→ Exercise requirements:
Your answer should be an exact copy of the lines from the one holding "Rhinestone Covered Fashion Handbag - Silver" to the end of the material below, pictures left out.

→ Stored data:
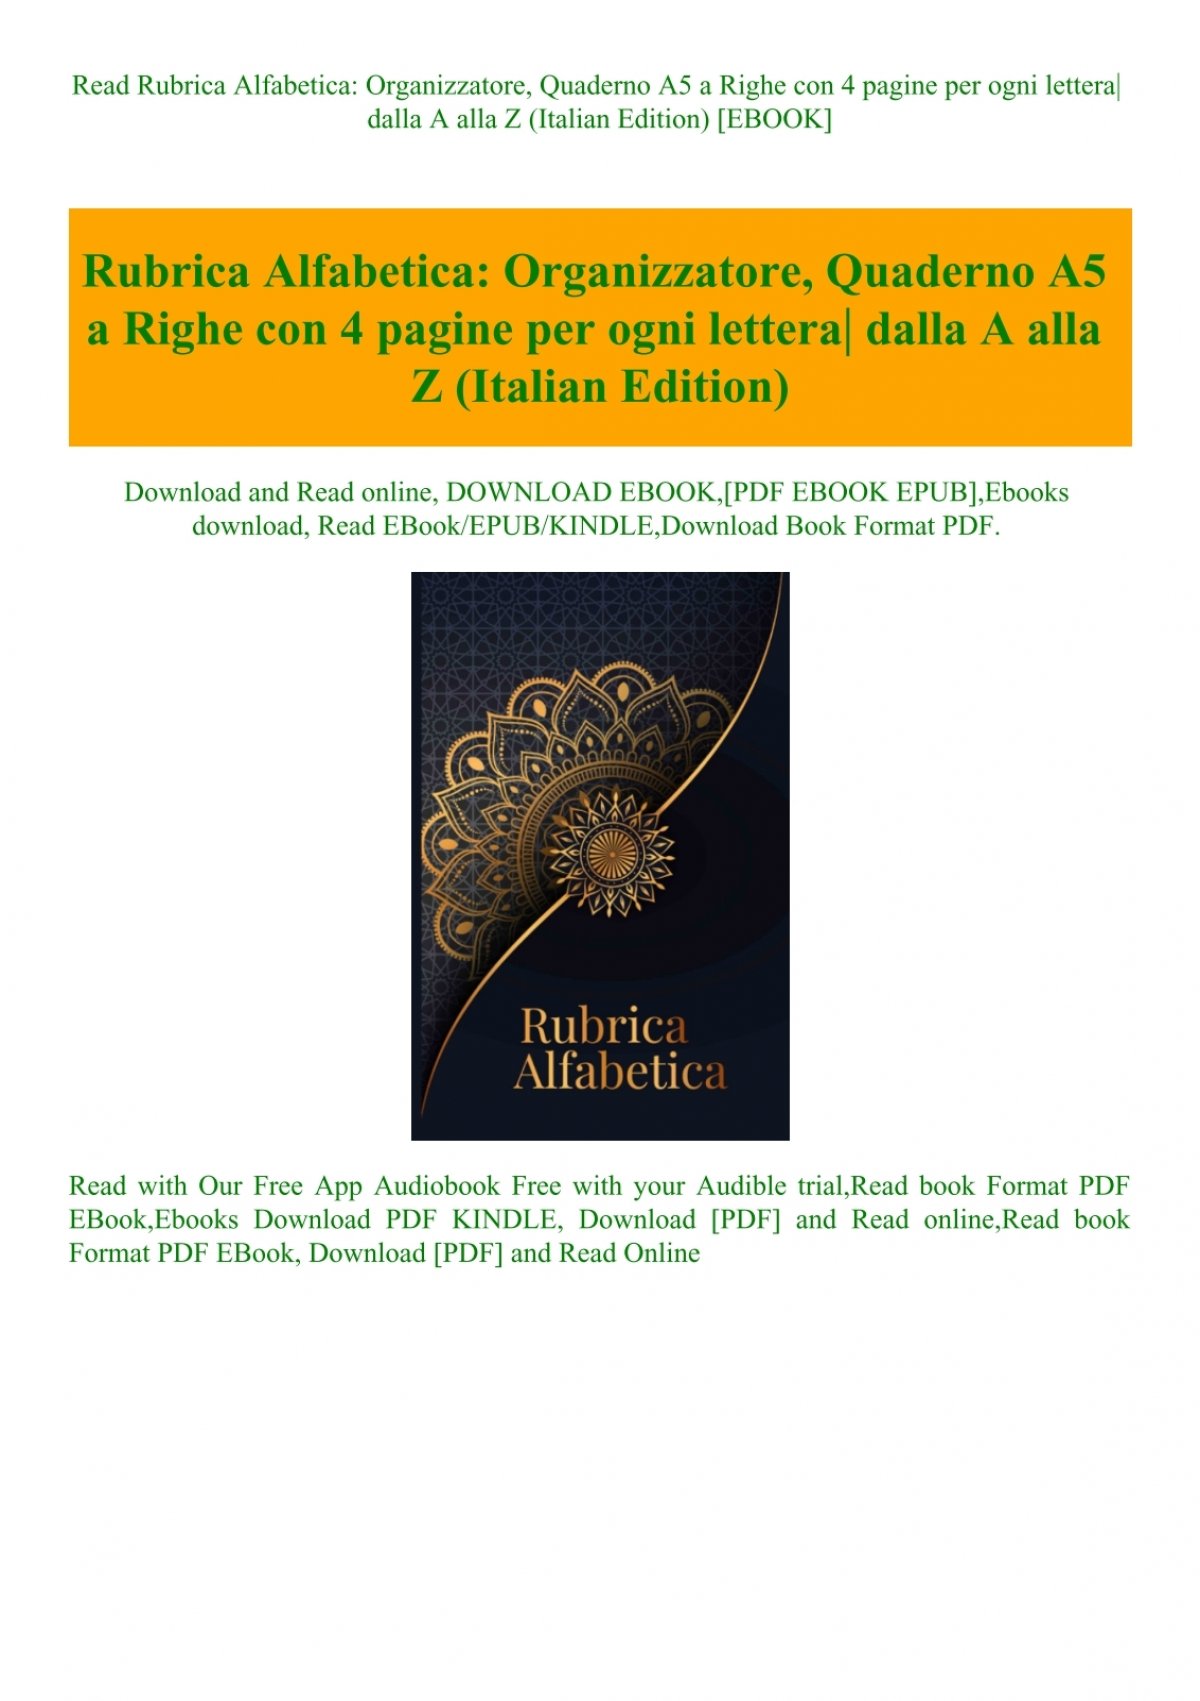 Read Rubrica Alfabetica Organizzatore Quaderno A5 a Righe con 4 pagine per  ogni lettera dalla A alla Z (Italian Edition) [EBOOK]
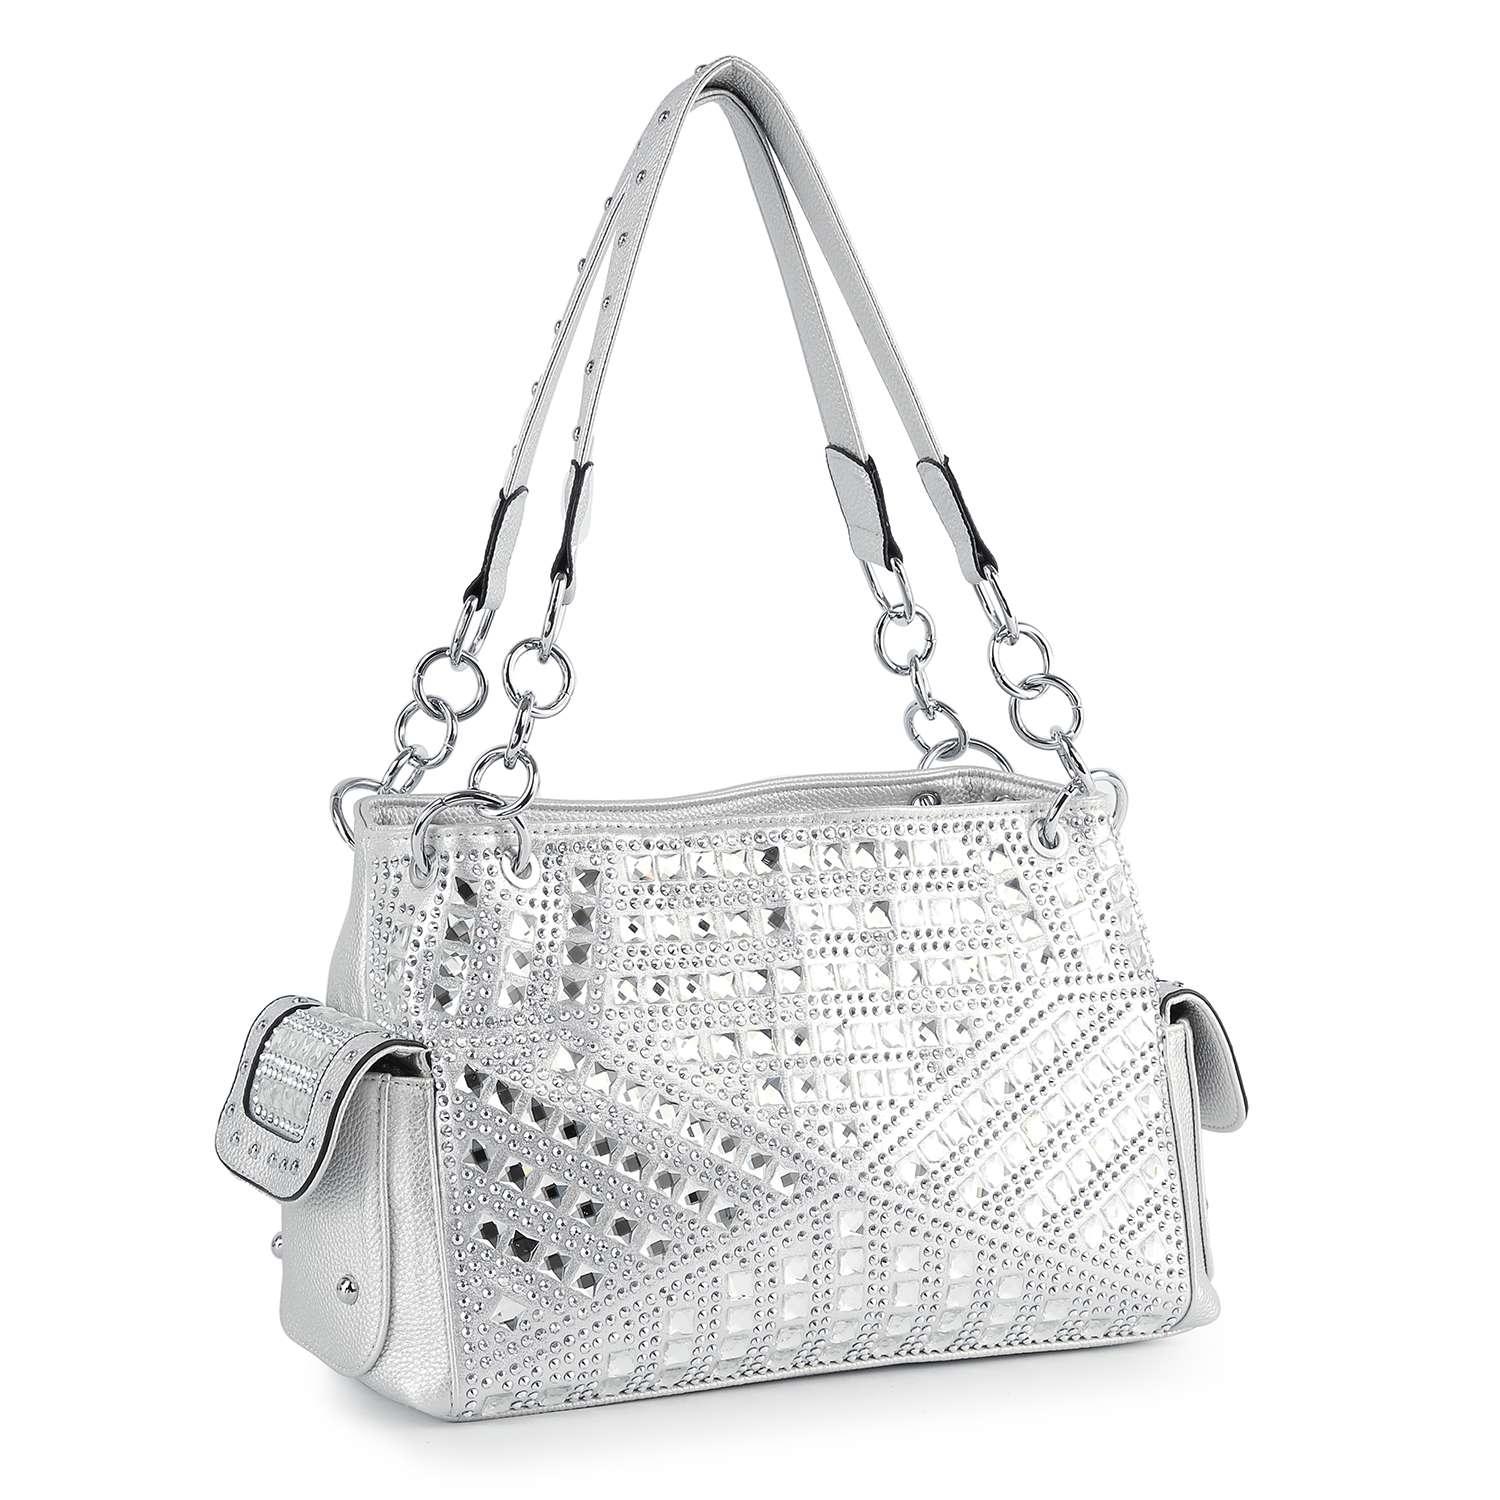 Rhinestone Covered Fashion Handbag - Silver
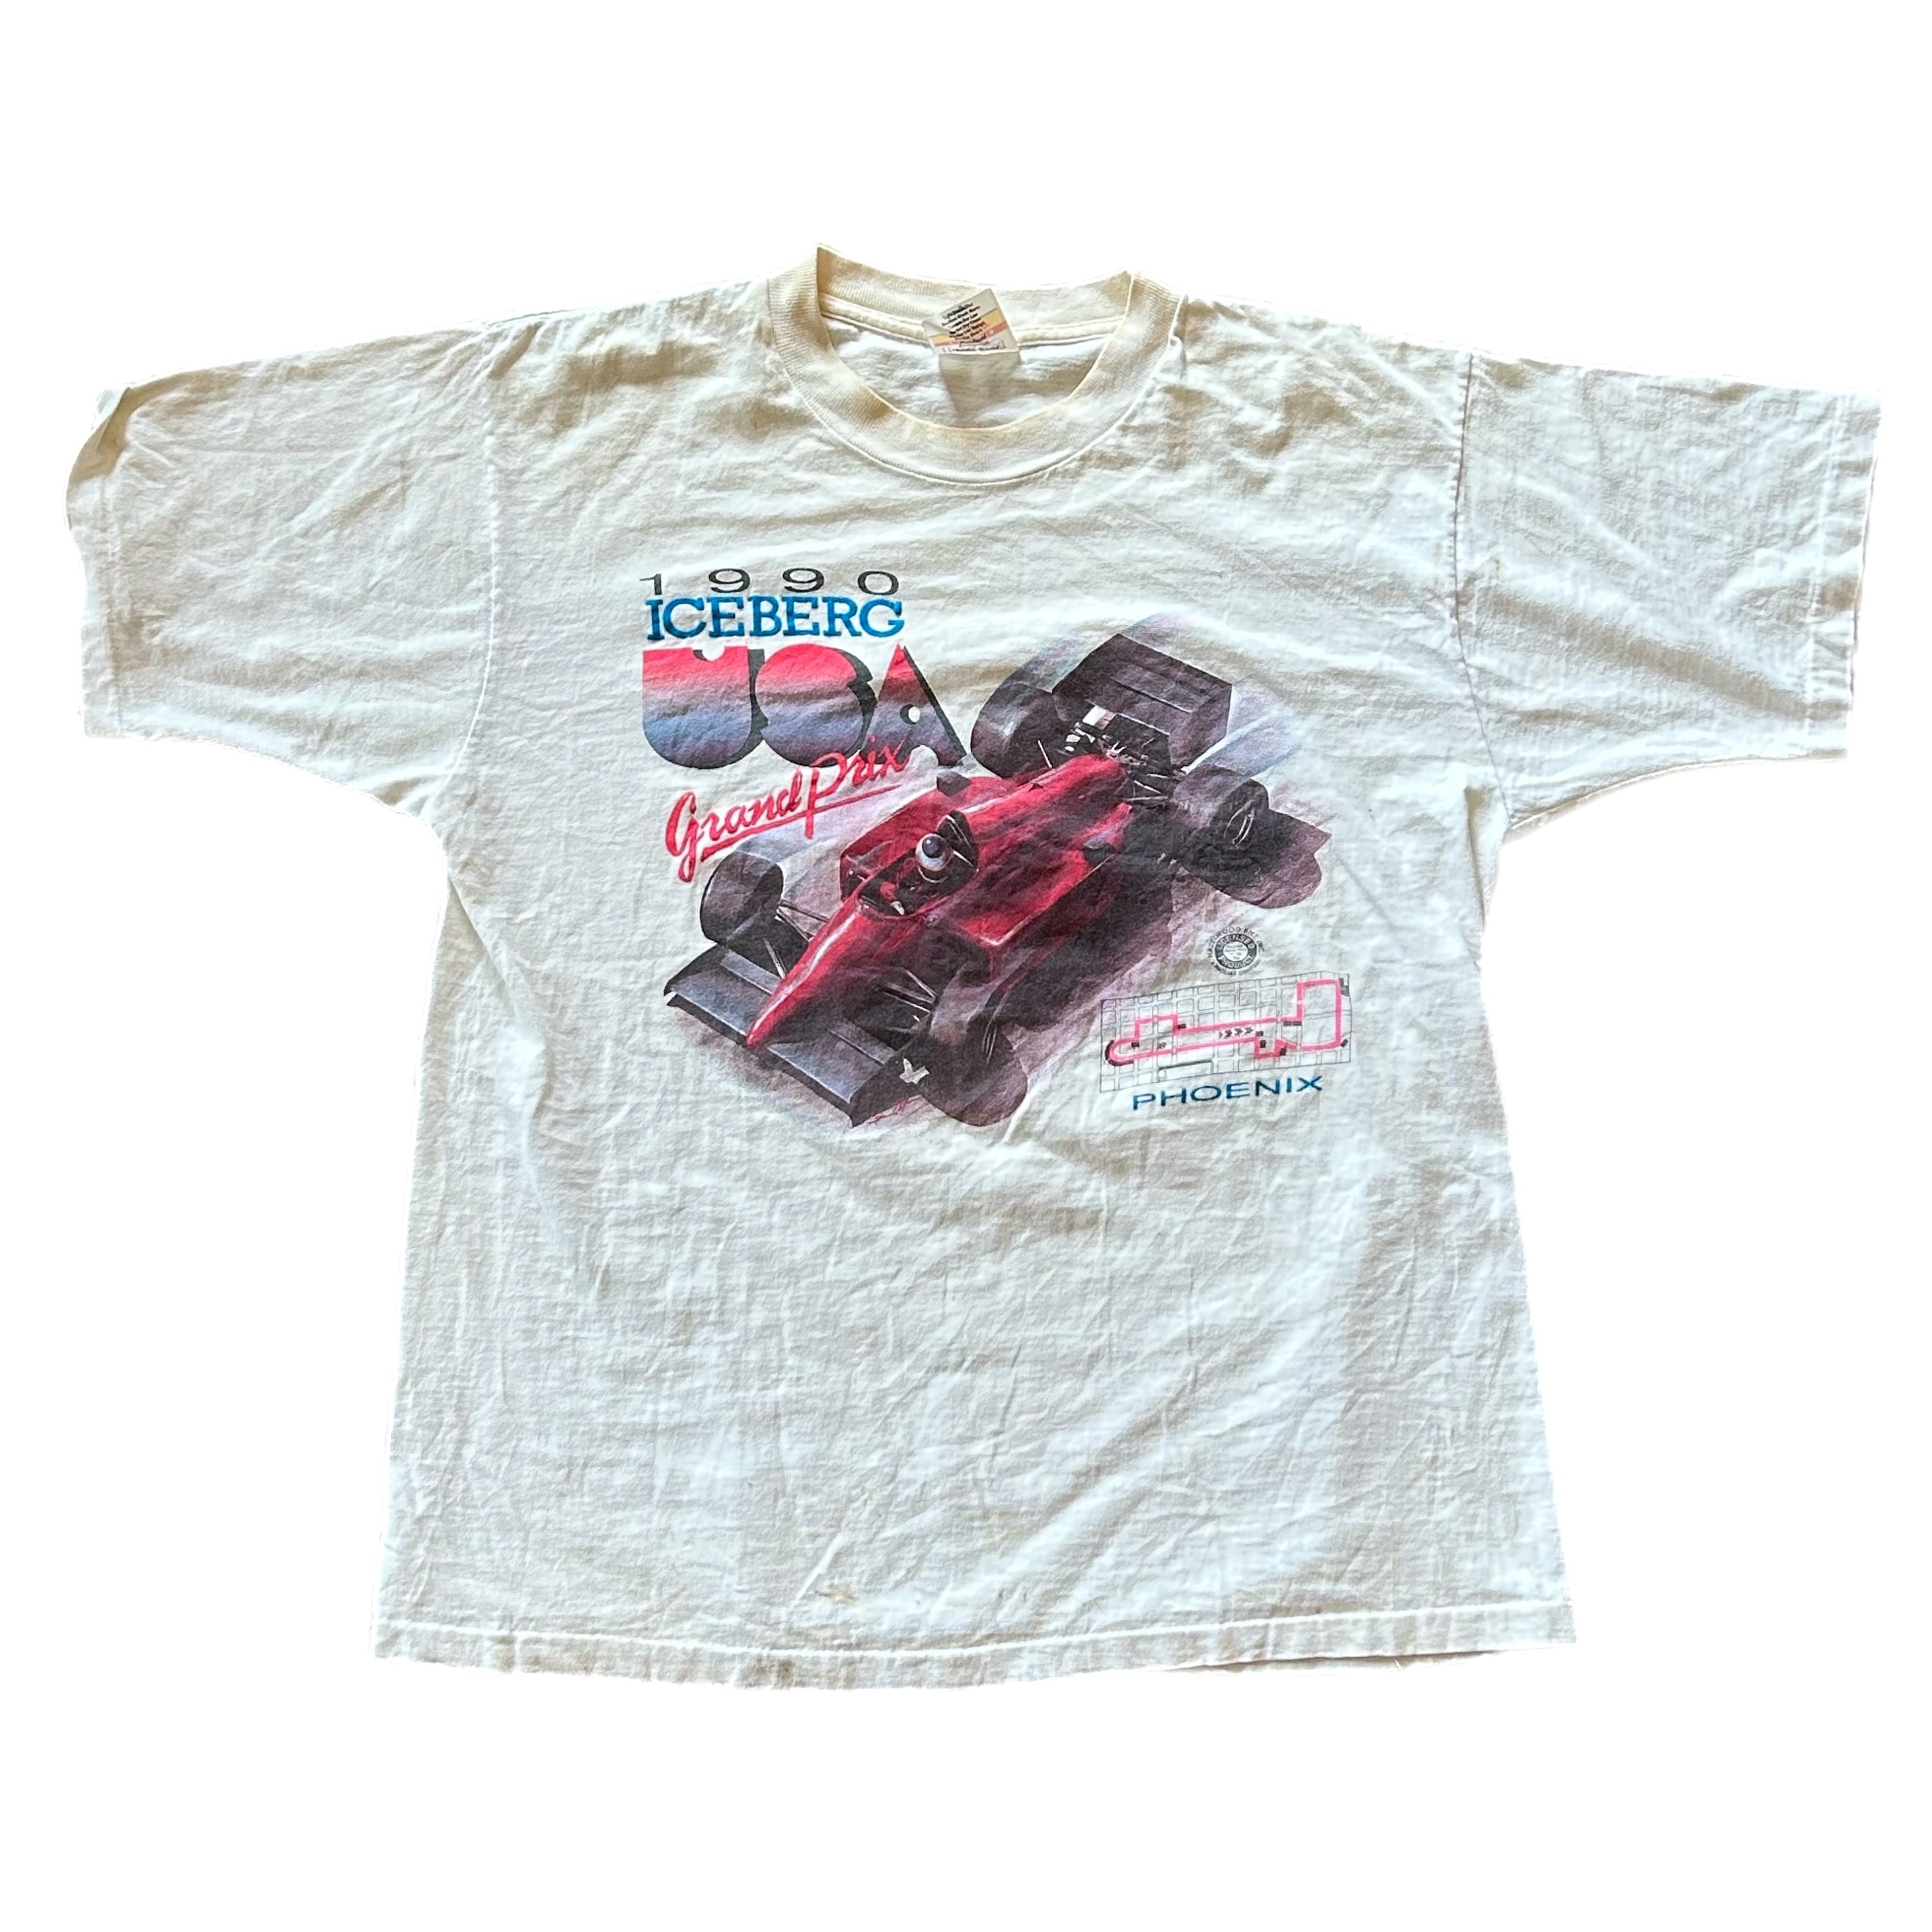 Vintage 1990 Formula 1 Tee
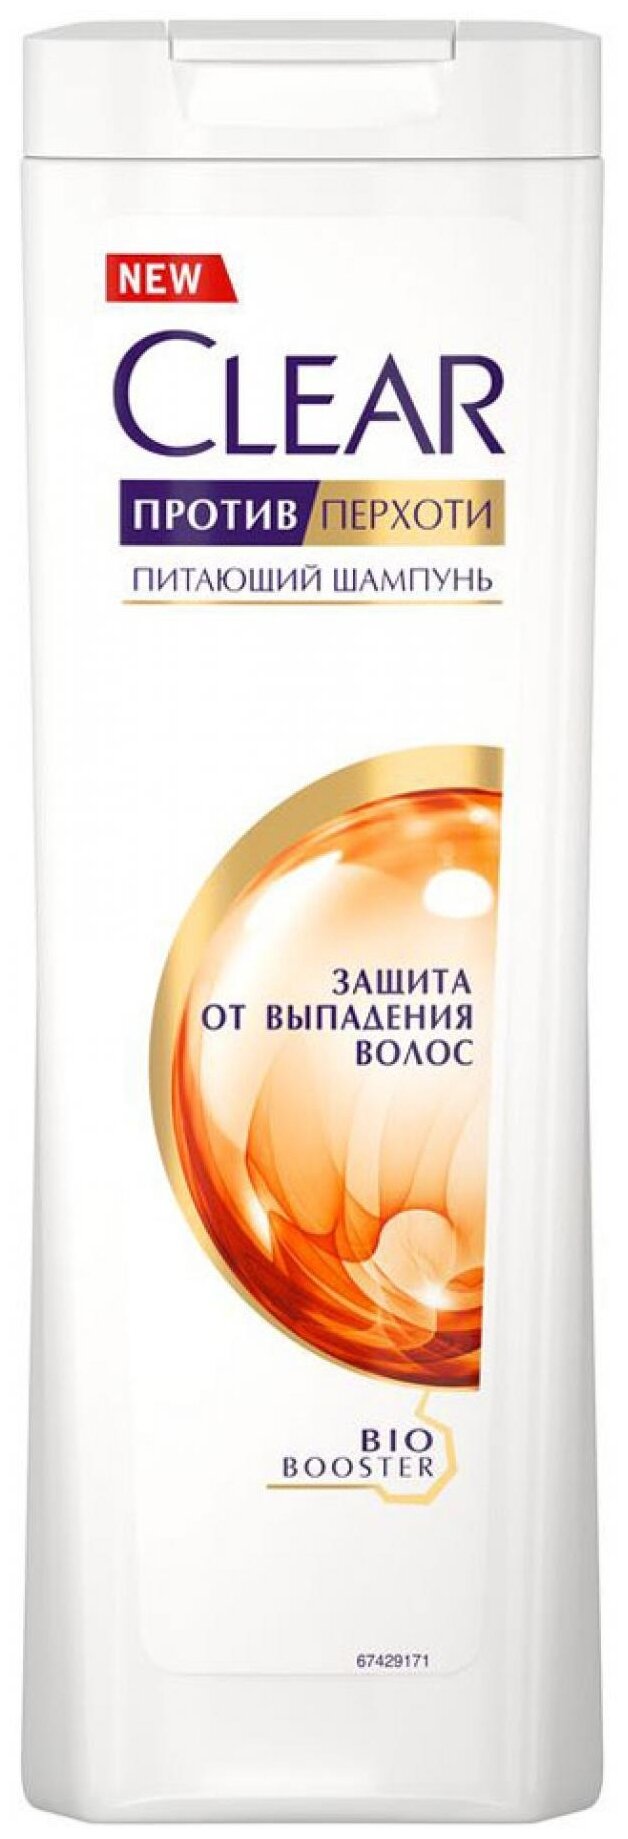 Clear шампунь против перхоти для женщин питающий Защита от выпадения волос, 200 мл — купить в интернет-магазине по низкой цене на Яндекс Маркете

→ Response to this exercise:
 Rhinestone Covered Fashion Handbag - Silver
 Vintage 1990 Formula 1 Tee
 Clear шампунь против перхоти для женщин питающий Защита от выпадения волос, 200 мл — купить в интернет-магазине по низкой цене на Яндекс Маркете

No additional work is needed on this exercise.